Страница 3 из 7
Роберт. Может, и за себя?
Франциска. И за себя тоже. Скоро я приду в эту комнату, если вообще приду — и буду лежать одна на подоконнике и глядеть вниз, и слушать шум поездов, который мы так любили слушать вдвоем...
Роберт. Ты говоришь так, будто все уже кончилось.
Франциска. Да, кончилось. И уже не вернется.
Роберт. Ты даже не спрашиваешь, зачем меня позвали к Борзигу.

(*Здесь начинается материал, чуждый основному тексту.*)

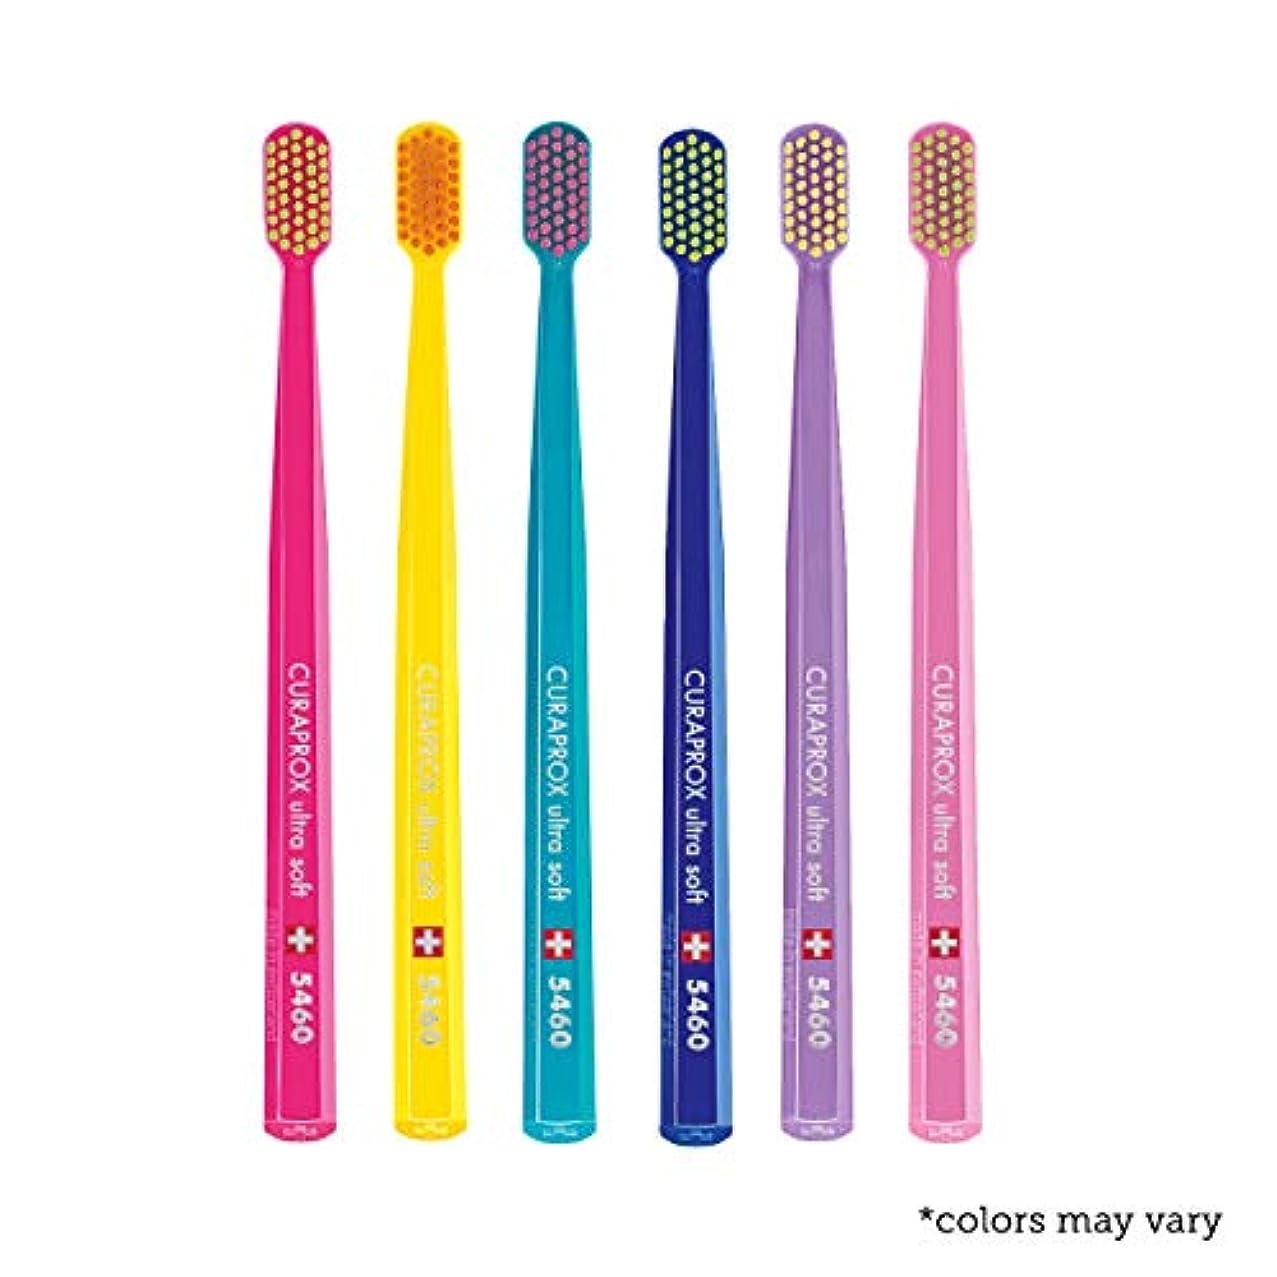 一流損傷学習Ultra soft toothbrush, 6 brushes, Curaprox Ultra Soft 5460. Softer feeling & better cleaning, in amazing vivid...

Франциска. Знаю — пить чай... но это будет самый горький чай в твоей жизни, и он тебе дорого обойдется — ты будешь расплачиваться за каждый глоток.
Роберт. Оказывается, ты умеешь предсказывать судьбу. Я и не знал, что ты ясновидящая. Откуда только взялась твоя мудрость?
Франциска. Из того, что слышат мои уши и видят мои глаза: стоило мне поглядеть на их лица, послушать их голоса — и я поняла, что они хотят от тебя чего-то такого, на что ты не должен соглашаться...
Роберт. Что именно, ты знаешь? Меня подстерегает таинственная опасность? Да? Но если я уклонюсь от сегодняшнего визита, ты так и не поймешь, были ли основания для страха.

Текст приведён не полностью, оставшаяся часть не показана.